The effect of intercalator structure on binding strength and base-pair specificity in DNA interactions

Abstract

The interaction of naphthothiophene, phenanthrene and anthracene ring systems, which have amide and ester side chains with cationic groups (synthesized from the aromatic acid chlorides and appropriate amines and alcohols), with calf thymus DNA has been investigated by using viscometric titrations, spectrophotometric binding experiments and 1H-, 31P- and 17O-NMR methods. The viscosity and NMR experiments suggest that all of these compounds bind to DNA by intercalation. These experiments and spectrophotometric binding studies, however, indicate that there is considerable variation in the interaction of these compounds with DNA. These variations can all be explained by the geometry of the ring systems, the position of protons adjacent to the side chains, and the relative sizes of the amide and ester side chains.
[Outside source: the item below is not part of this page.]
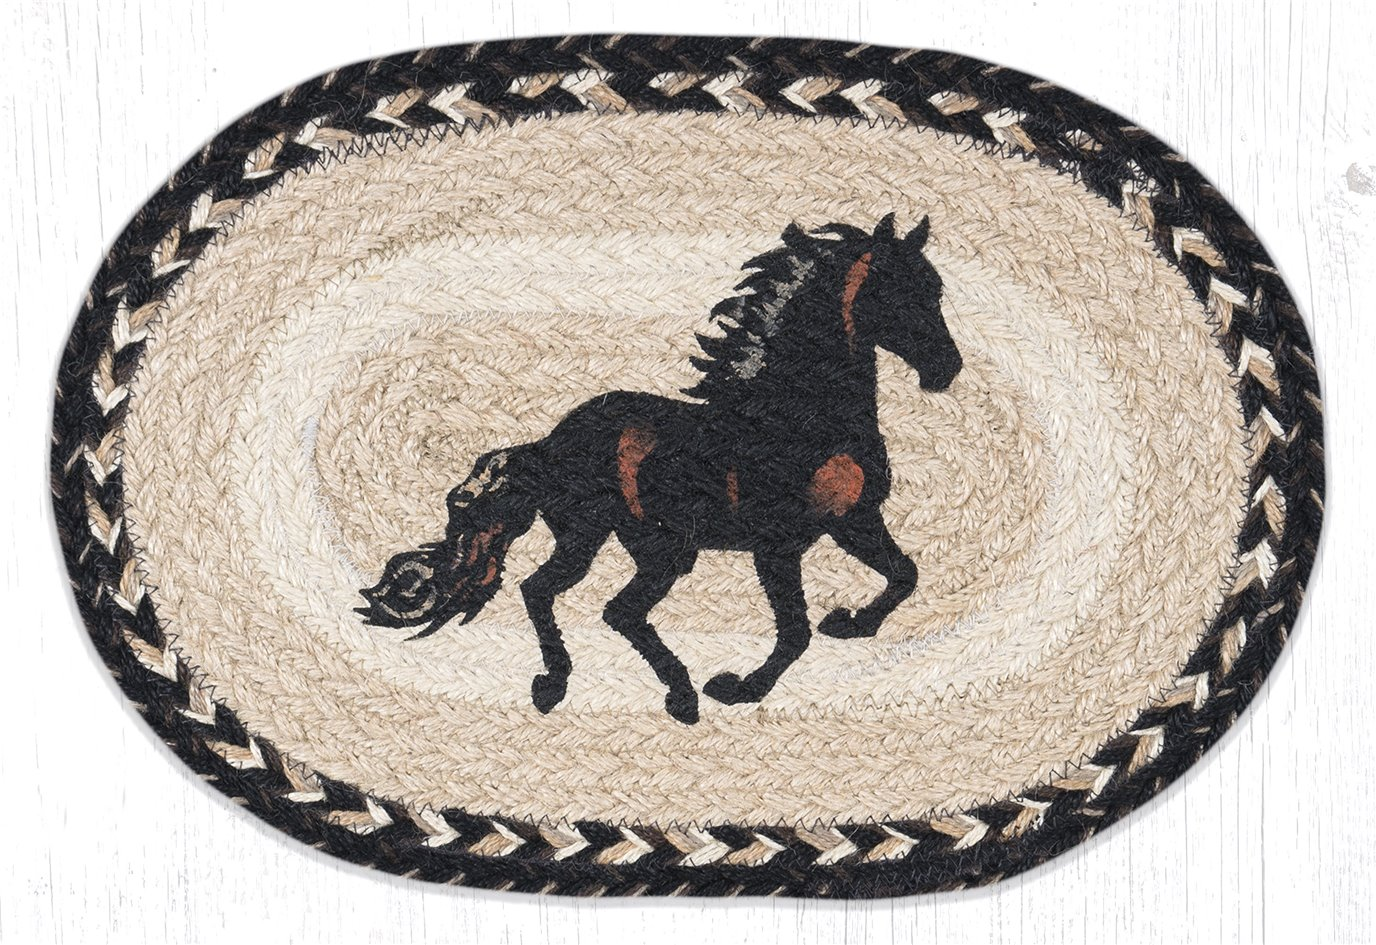 "Stallion Printed Oval Braided Swatch 10""x15"""

With the naphthothiophene ester and amide, for example, the planar amide cannot rotate into the plane of the naphthothiophene ring whereas the smaller planar ester can. With this ring system the ester has a significantly higher binding constant than the amide derivative. Additional binding studies with poly[d(A-T) 2] and poly[d(G-C) 2] have shown that all of these compounds bind more strongly to the A-T- than the G-C-containing polymer. Since the ester compounds do not have hydrogen bond donating groups proximate to the aromatic ring, these results suggest a model for the A-T specificity of these compounds that involves a solvent-mediated hydrogen bond between the C-2 carbonyl of thymine and the carbonyl group of the intercalators.